EU-Level ISACs: Sector by Sector
ISACs — Information Sharing and Analysis Centres — are the primary organisational mechanism through which Article 29 sharing arrangements operate in practice. ENISA defines them as “non-profit, trusted hubs designed to improve cybersecurity resilience across critical sectors by enabling the collection, analysis, and secure exchange of threat information between public and private stakeholders.”

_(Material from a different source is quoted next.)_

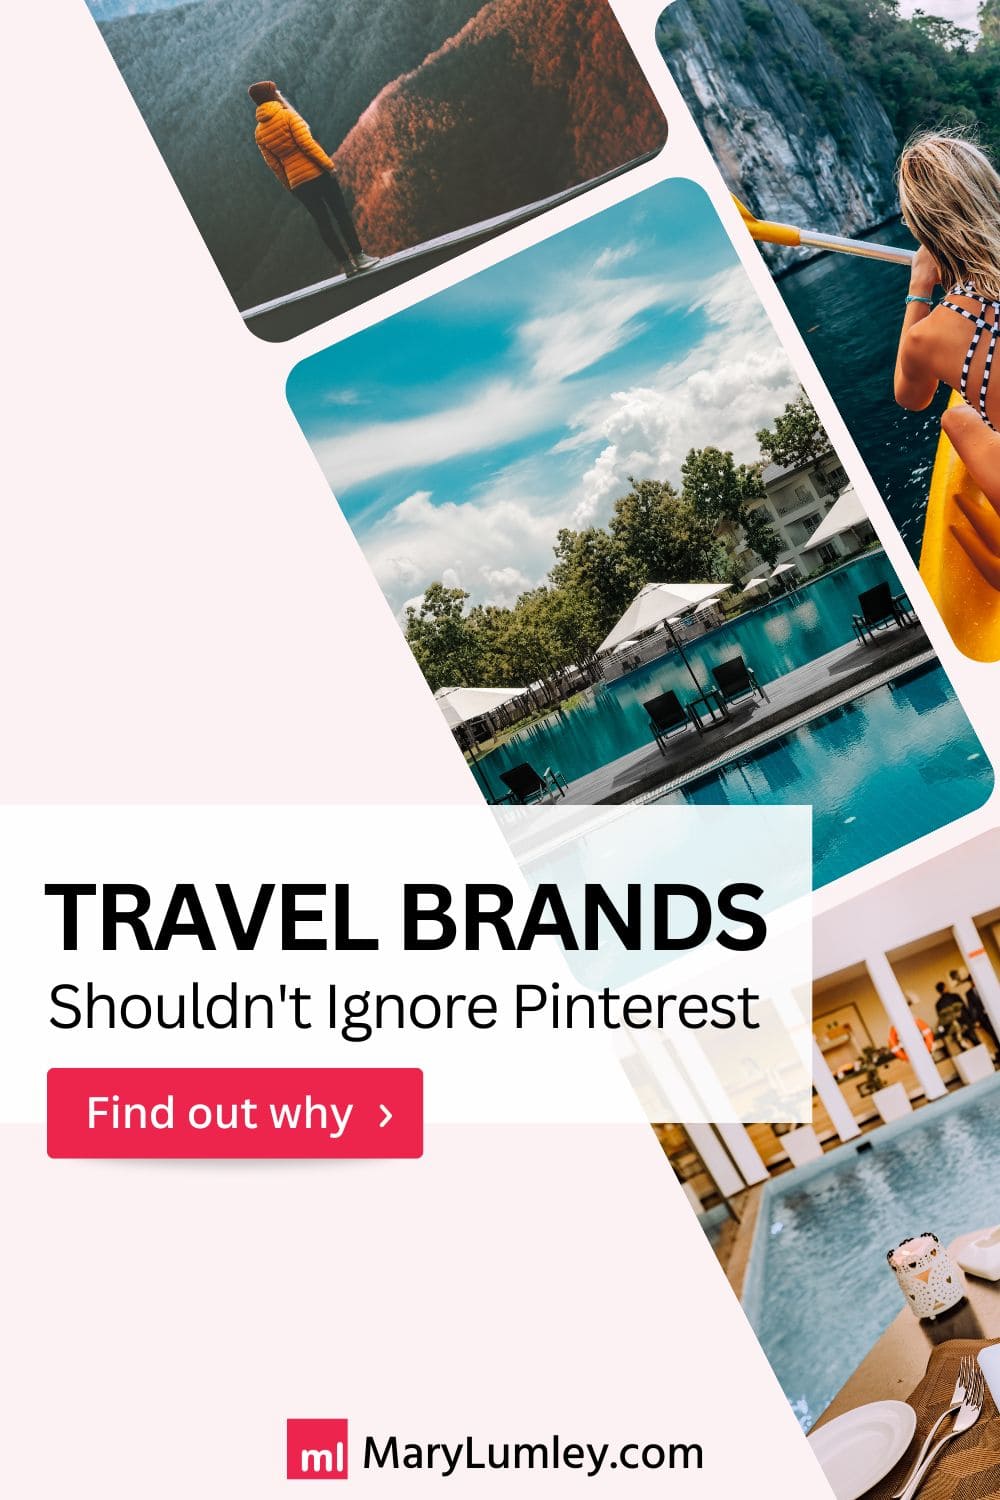 Find out how travel advertising on Pinterest can turn wanderlust into bookings. Discover effective strategies for engaging potential travelers. Ready for the journey? | Mary Lumley – Pinterest Marketing for e-Commerce & Travel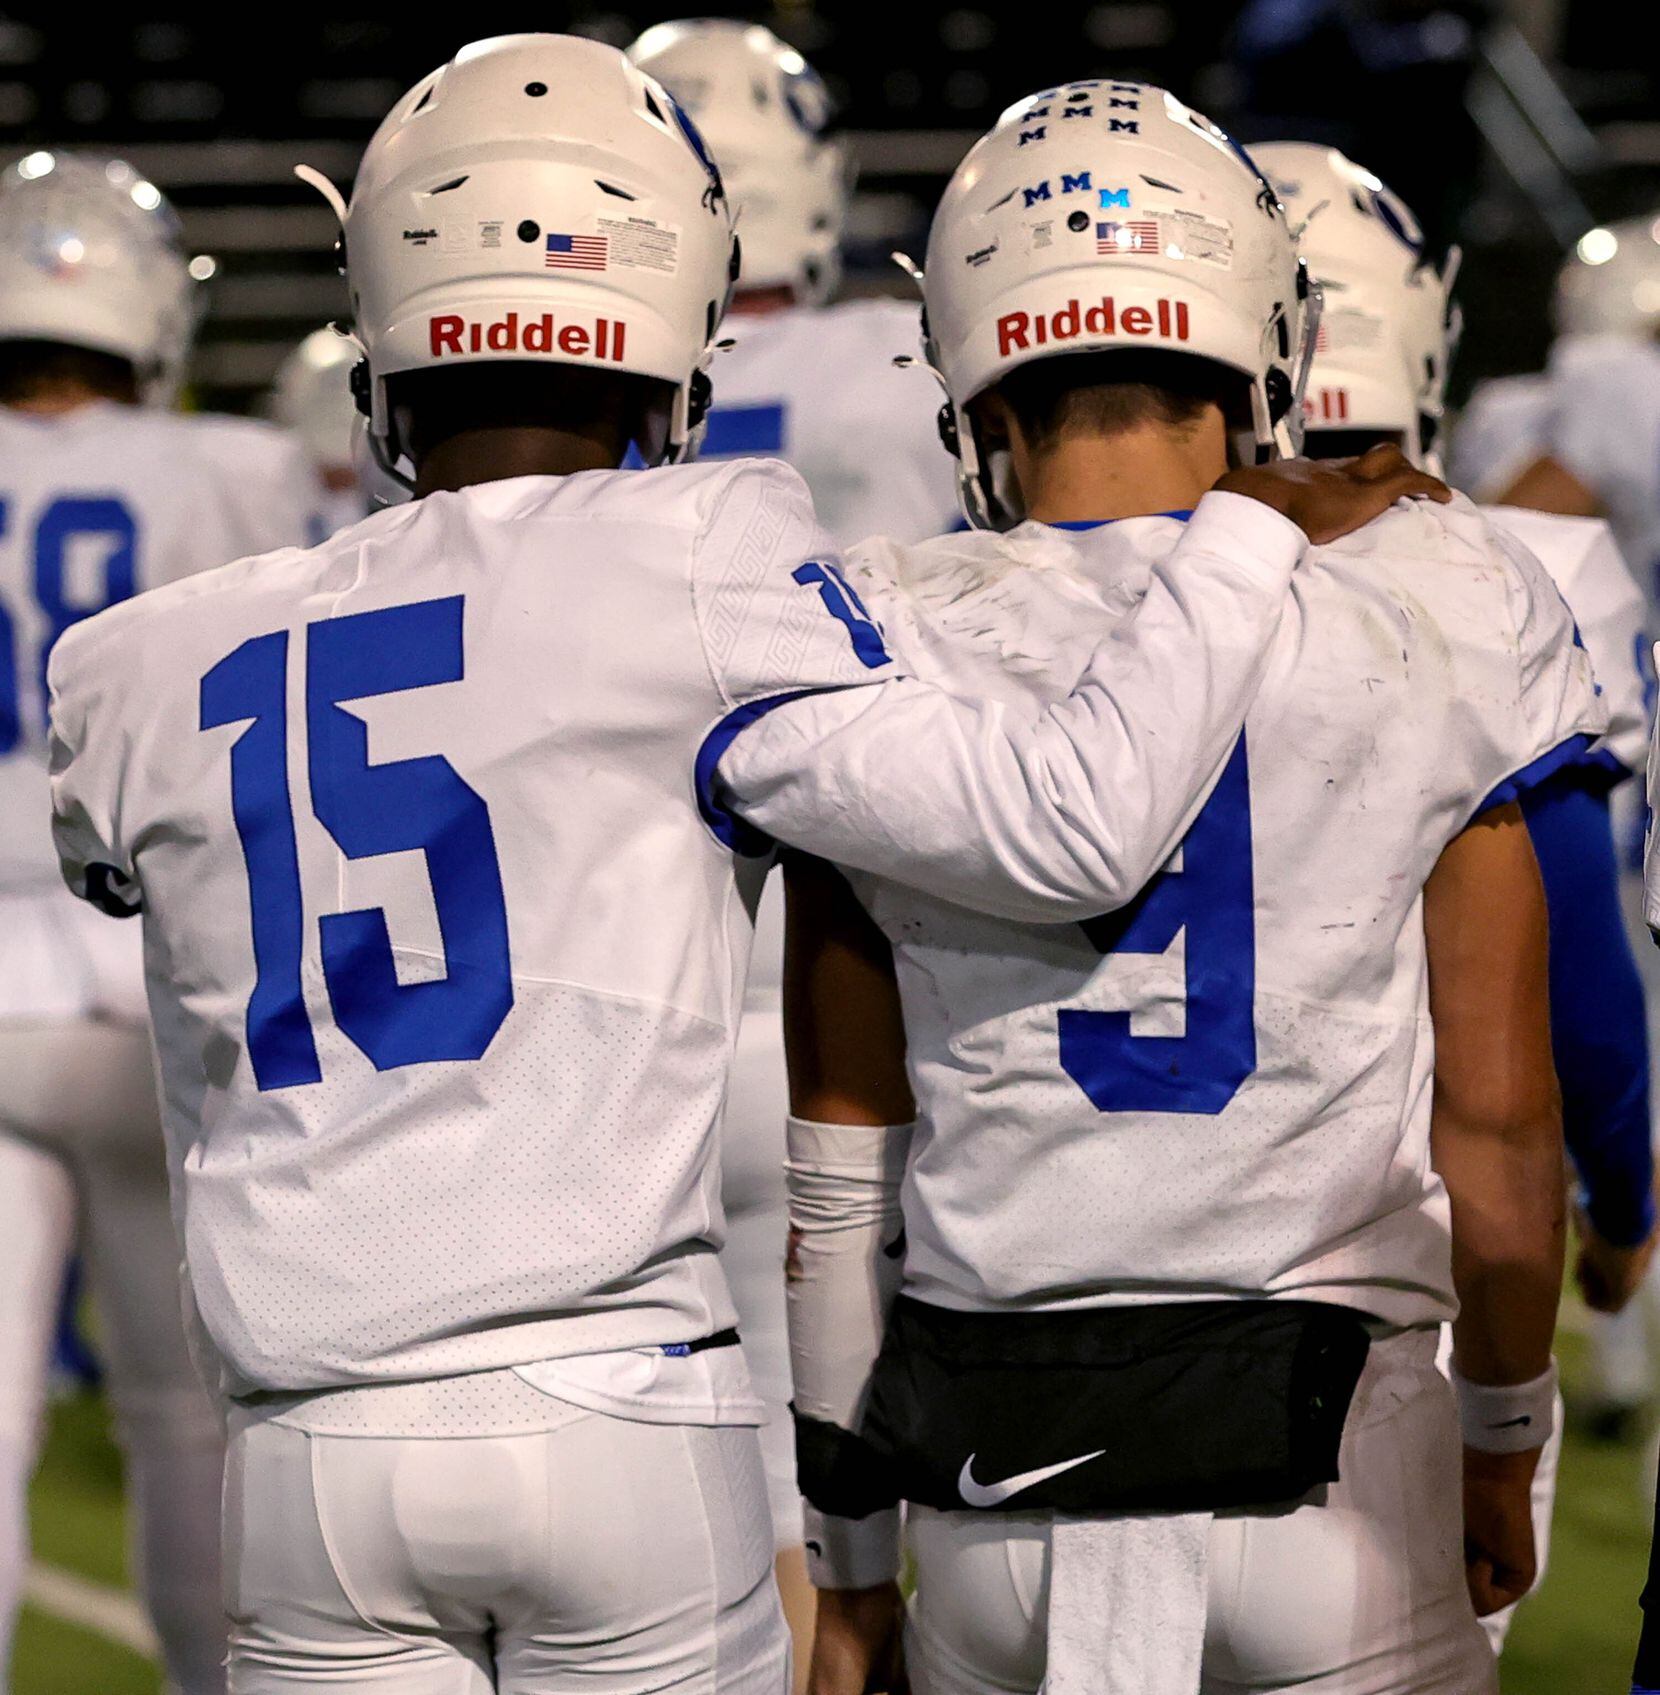 Midlothian quarterback Chad Ragle (9) and wide receiver Julius Cervera (15) walk off the field after losing to Mansfield Summit, 28-20 in the 5A Division I Region I semifinal high school football playoff game played on November 26, 2021 at Gopher-Warrior Bowl in Grand Prairie.  (Steve Nurenberg/Special Contributor)

The following ISACs are active across the EU and map to NIS2’s sectors of high criticality:
| Sector | ISAC Name | Notes |
|---|---|---|
| Energy | European Energy ISAC (EE-ISAC) | Covers electricity, gas, and energy infrastructure operators |
| Finance | European FI-ISAC | Supported by ENISA; banks, payment systems, insurance |
| Healthcare | Health-ISAC (H-ISAC) | Global ISAC; EU members receive NIS2-aligned guidance |
| Automotive | Auto-ISAC Europe | Formal collaboration with ACEA and CLEPA since 2022 |
| Space | EU Space ISAC | Established with EUSPA support; aligned with NIS2 and CER Directive |
| Cross-sector | ENISA EU ISACs Council | Coordination body bringing together EU ISAC operators annually |
NIS2’s ten sectors of high criticality each have at least one relevant ISAC or an emerging community. Sectors without an established ISAC — including parts of water management and public administration — are actively encouraged by ENISA to begin establishing new arrangements. The agency can connect organisations in sectors lacking an ISAC with cross-sector alternatives while a dedicated community is being built.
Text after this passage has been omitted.